The data set (collected over 7 years) comprised 717 patients with mean(SD) age and APACHE III score 61.1(16.5) years and 68.3(28.2.2) respectively; 59.2% were male and 27% were ventilated in the first 24 hours. ICU and hospital length of stay (days) were 4.3(6.4) median 2, and 23.7(28.5) median 15, respectively. ICU and hospital mortality outcome were 12.3% and 21% respectively. The Charlson Comorbidity Index ranged from 0 to 15, median 1 and interquartile range 3. On admission lactate was 2.3(2.5) mmol/l; 17% of patients had a lactate of ≥ 4 mmol/l, with 37% hospital mortality and patients with a lactate < 4 mmol/l had a hospital mortality of 18%.

Univariate analyses

The performance of univariate predictors of hospital outcome was compared between initial lactate (OR 1.185, 95%CI: 1.049, 1.270), lactate clearance (OR 0.640. 95%CI: 0.501, 0.817), area under the lactate-time curve (OR 1.013, 95%CI: 1.008, 1.018) and APACHE III score (OR 1.053, 95%CI: 1.044, 1.063); only the latter demonstrated non-linear effect form and was parameterised as a third-degree fractional polynomial. As seen in Fig 1, all variables showed a range dependent change in mortality, with variable levels of uncertainty (95%CI). Not surprisingly, the APACHE III score, as it reflects both severity of illness and impact of therapy over 24 hours, was the best predictor with respect to the logistic AUC. Predicted probabilities from each of the logistic models showed good calibration (calibration graphs not shown), with P values ≥ 0.12.

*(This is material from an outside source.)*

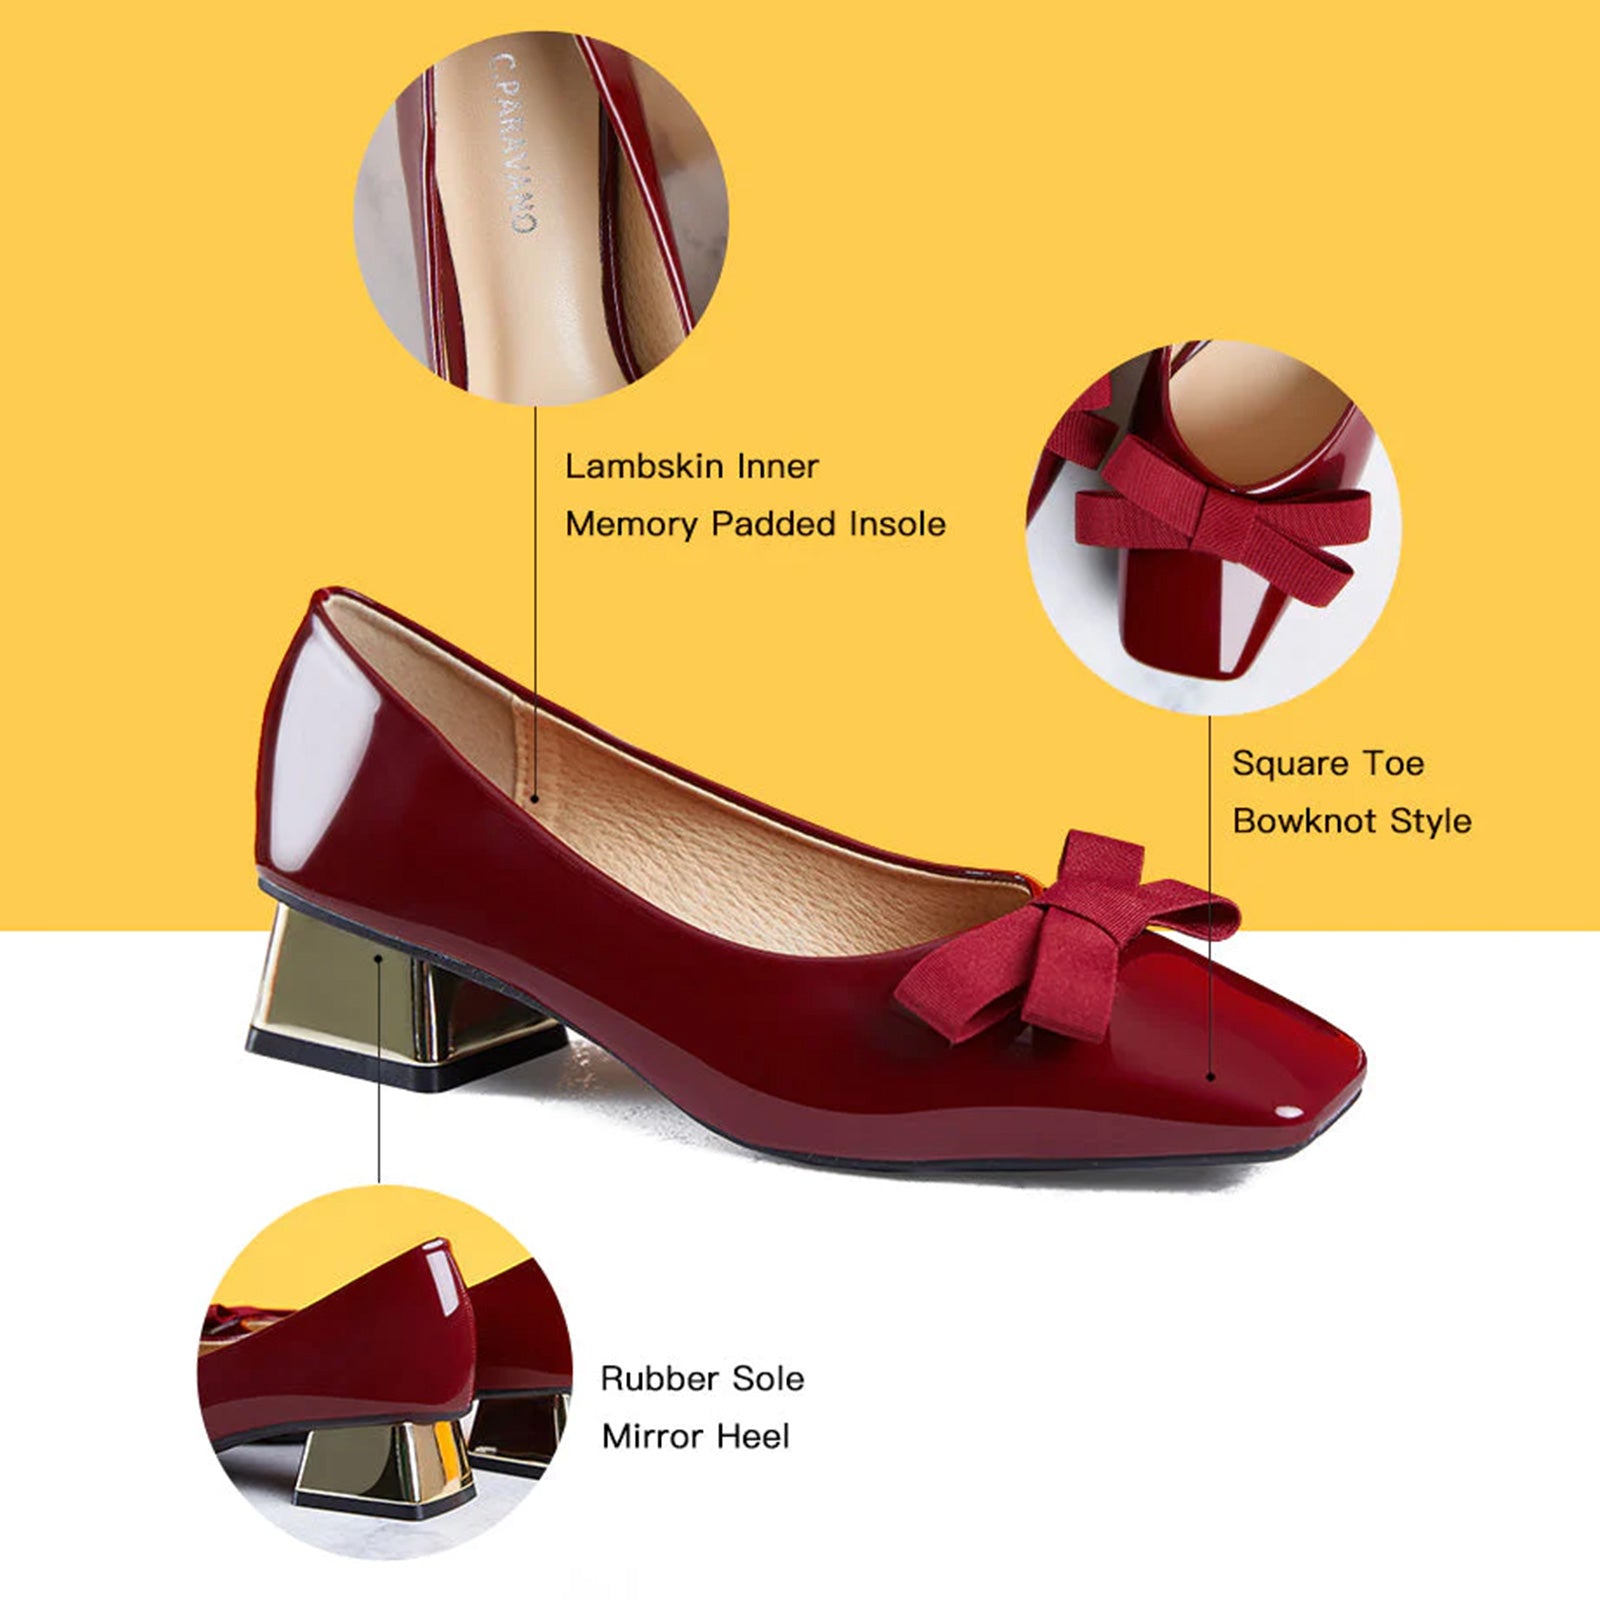 Red Patent Leather Block Heel Pumps, a glamorous choice for special occasions and events.

Although the logistic AUC-ROC differed between each of the predictors, a different perspective results when comparing the net benefit curves, as seen in Fig 2. There was little difference between the lactate derived indices, although net benefit of both initial lactate and area under the lactate-time-curve extends to a threshold probability of at least 0.5, compared with approximately 0.3 for clearance. Again, the net benefit of the APACHE III dominated across all threshold probabilities.

Multivariate analysis: Admission variables

The best fitting model (n = 681 evaluable patients) incorporated age and initial lactate (linear effects), index of comorbidity (as a 0.5, 3 fractional polynomial) and categorical variables indicating coma, cirrhosis and a heart rate ≥ 150 beats per minute. Model parameter estimates, diagnostics and risk reclassification measures are seen in Table 2. The calibration line of identity was contained within the 80 and 95% CI over the whole range (Fig 3). Measures of net benefit are shown in Fig 4 and it is obvious that despite lactate being an “independent predictor” of hospital outcome, there was little or no overall net benefit of including it in a predictive model, although both models had net benefit across all threshold probabilities.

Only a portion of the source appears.